This year has been a big one for molecular microbiologist and Postdoctoral Fellow at Bioprotection Aotearoa, Nils Birkholz. Highlights include publishing four papers in high-impact journals and presenting at two domestic and international conferences. His research, with supervisor Peter Fineran in Pou 2, aims to characterise the interactions between bacteria and the viruses that infect them, named bacteriophages (or phages for short).
Phages are extremely abundant in every environment and outnumber the bacteria that they prey on, says Nils. In nature, the relationship between bacteria and phages is ecologically important “because they impact bacterial populations everywhere, basically keeping bacteria ‘in check’”.
In April, Nils, Peter, and Bioprotection Aotearoa colleagues Simon Jackson and Robert Fagerlund published a paper in Nucleic Acids Research that analysed a certain type of defence system in Pectobacterium, a bacterium that causes diseases such as soft rot in potatoes and other crops.
This defence system provided strong protection against phage infection but also shut off another defence system in the same strain of the bacteria. This surprising interplay between different defences is under-researched but important as it impacts how the bacteria can be infected by bacteriophages. In this case, the kind of phage the bacterium is susceptible to depends on which defence system is active, which is why this research is valuable.
Their research also suggests that closely related or co-existing strains may differ with regards to the defence systems that are active or inactivated, which also changes the overall population’s susceptibility to phages.
This finding has implications for potential applications such as using phages to get rid of harmful bacteria or pests. In addition, the research could be applicable to other bacteria in the future. The team are using Pectobacterium as a model system because the system and genome sequences are well understood. However, they know that similar defence systems occur in other bacteria.
This point that specific findings may sometimes apply more widely is highlighted by another paper with contributions from Nils and Peter. Nils says that this second paper, primarily authored by Chris Brown’s group at the Department of Biochemistry at Otago, “shows that a type of regulation that we and others have found in particular model systems actually applies across many unrelated bacteria”.
Nils and Peter are also collaborating with a group in Korea to study the anti-defence mechanisms of phages. Together, they have published two papers on this subject, showing how phages control the production of anti-defence proteins that allow them to thrive on bacterial strains which they could not otherwise infect. Nils’ ongoing research attempts to further unravel the unexpected complexity of this regulation.
Nils says their research has important implications for agriculture and pests, since many of our economically important plants are impacted by bacterial and viral pathogens. While this research is not aimed at finding immediate solutions, discovering more about the bacteria-phage interactions and defence systems is critical to finding long-term bioprotection strategies.
Nils has reported on their research at two conferences this year. The Viruses of Microbes conference, held in July in Portugal, had over 600 delegates, all working on aspects of the interaction between viruses and microorganisms.
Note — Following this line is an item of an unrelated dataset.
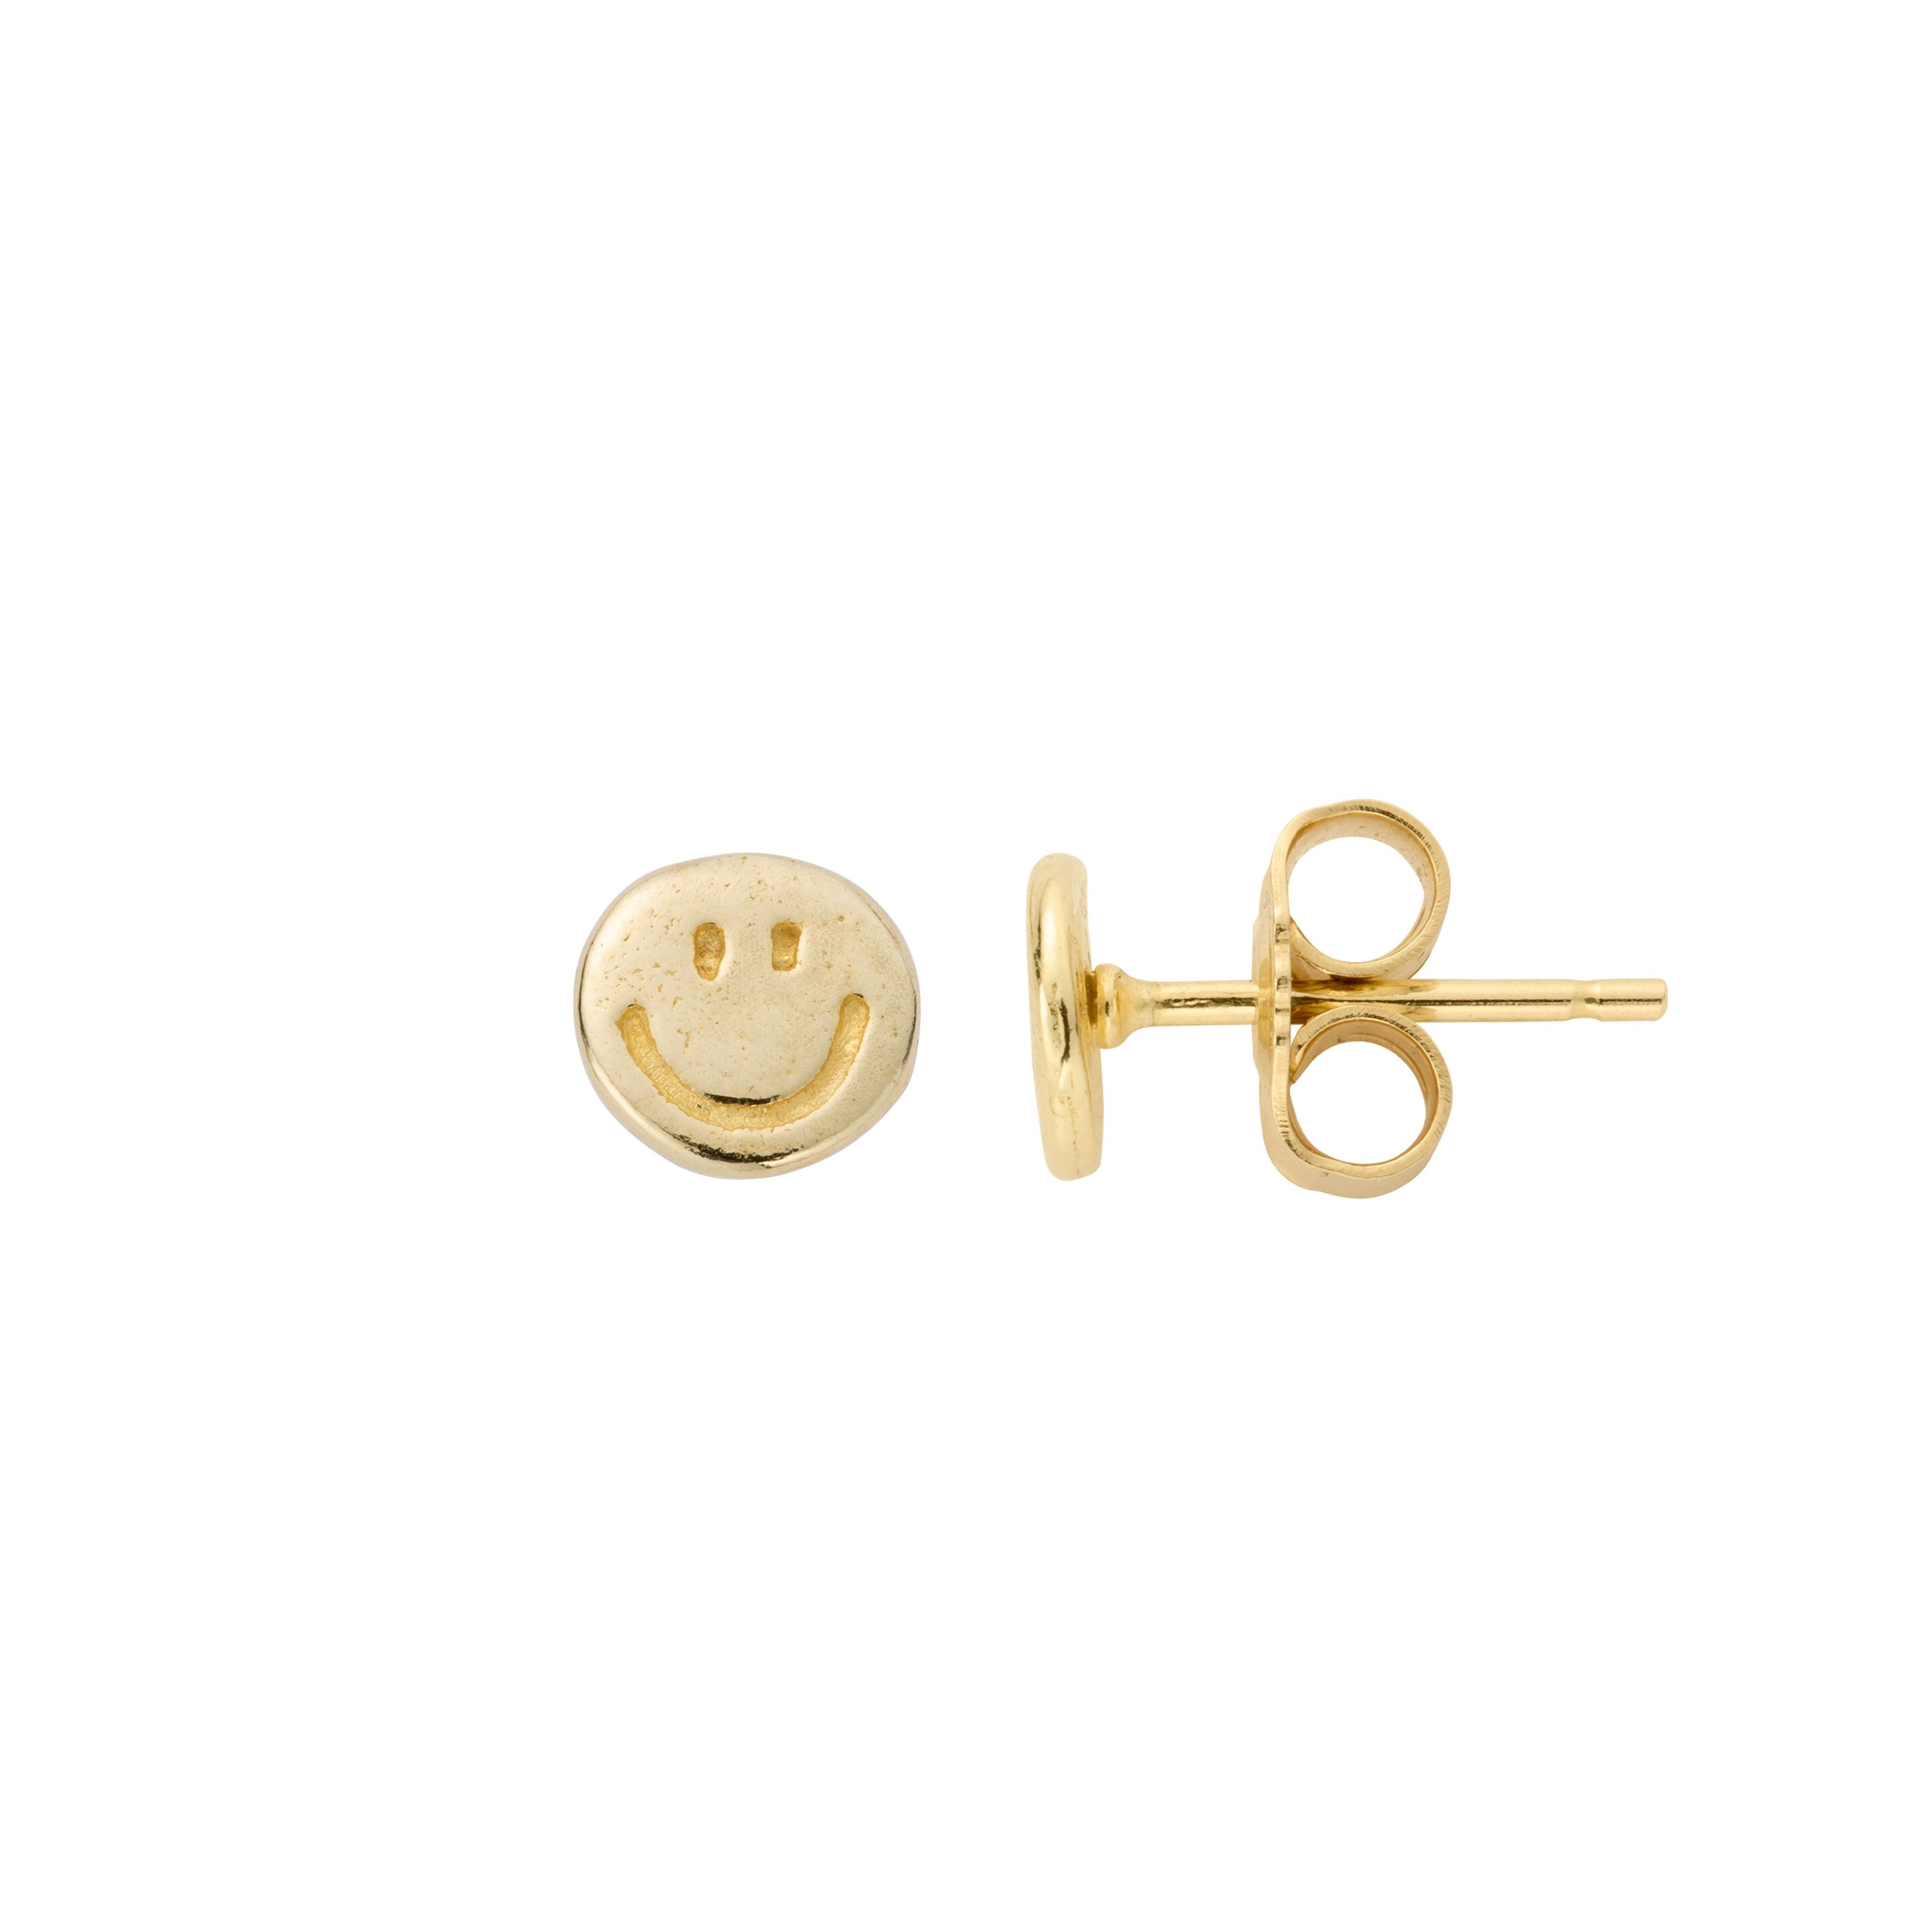 Gold Little Smiley Ear Charm Set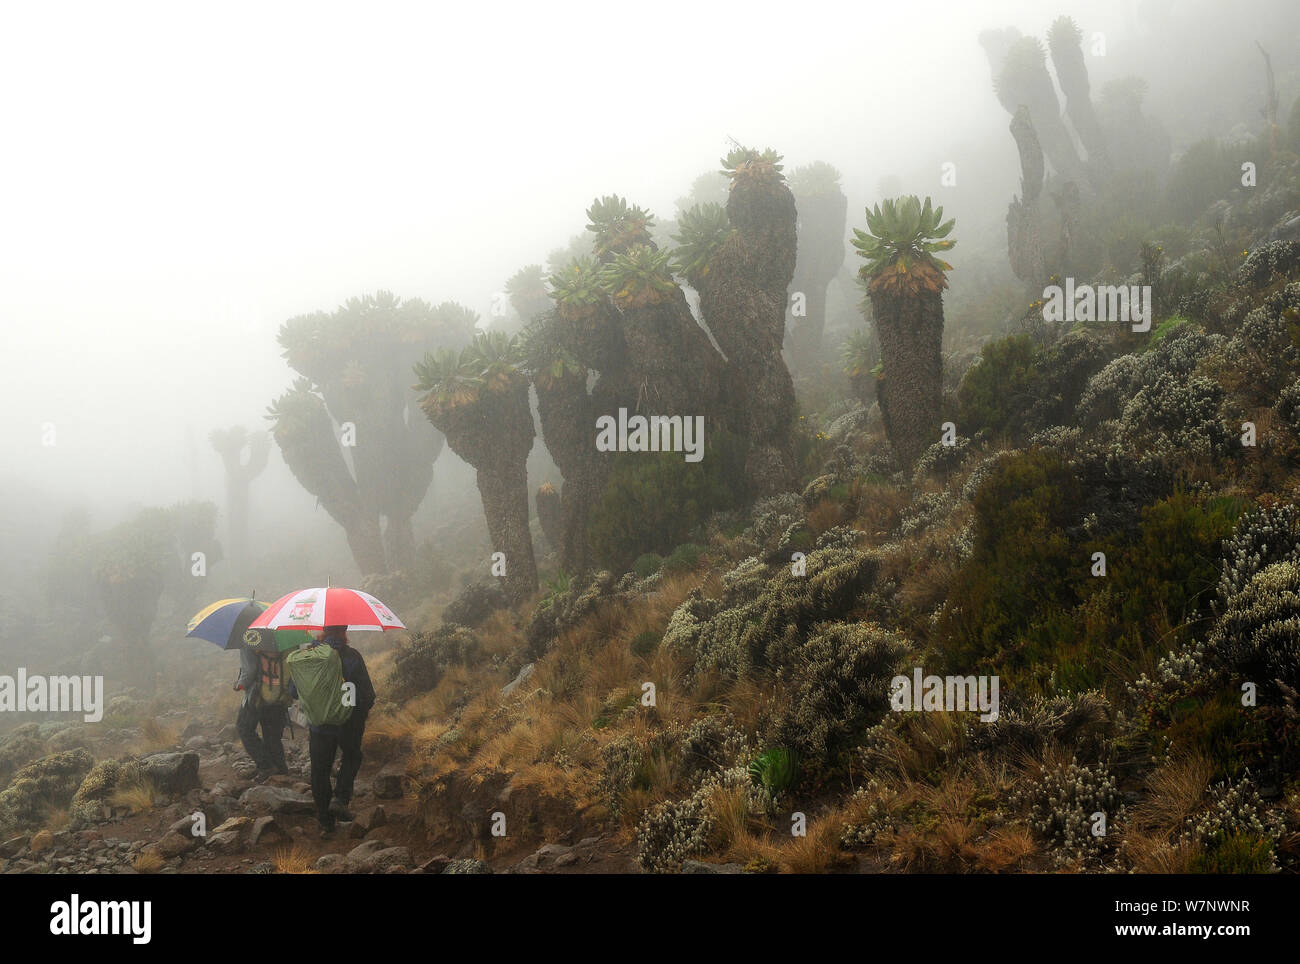 Giant grounsel (Dendrosenecio kilimanjari) plants endemic to the higher altitude zones, with people hiking carrying  umbrellas, subalpine forests of Mount Kilimanjaro, Tanzania Stock Photo

Nils says, “It was very interesting to see what others are working on and draw some inspiration. I knew many of these people by name only, so meeting them in real life was a nice experience.”
Nils also presented and won a speaker prize in August at the Queenstown Research Week CRISPR satellite meeting, which was a smaller but highly collaborative event.
Nils says he is enjoying the connections with other Early Career Researchers in Bioprotection Aotearoa. “It’s a great opportunity being able to talk to them, listening to what they are working on and how they are experiencing their PhDs and postdocs”.
A recent noho (stay) at Ōnuku Marae was particularly valuable for Nils who originally comes from Germany.
“From my perspective as a “foreigner” I didn’t know much about Māori culture before I came to New Zealand. The event gave me a much greater appreciation of Māori culture due to the setting at the Marae and all the background that was provided by the team at Bioprotection Aotearoa.”
Nils says this was an awesome experience that he will remember for a very long time.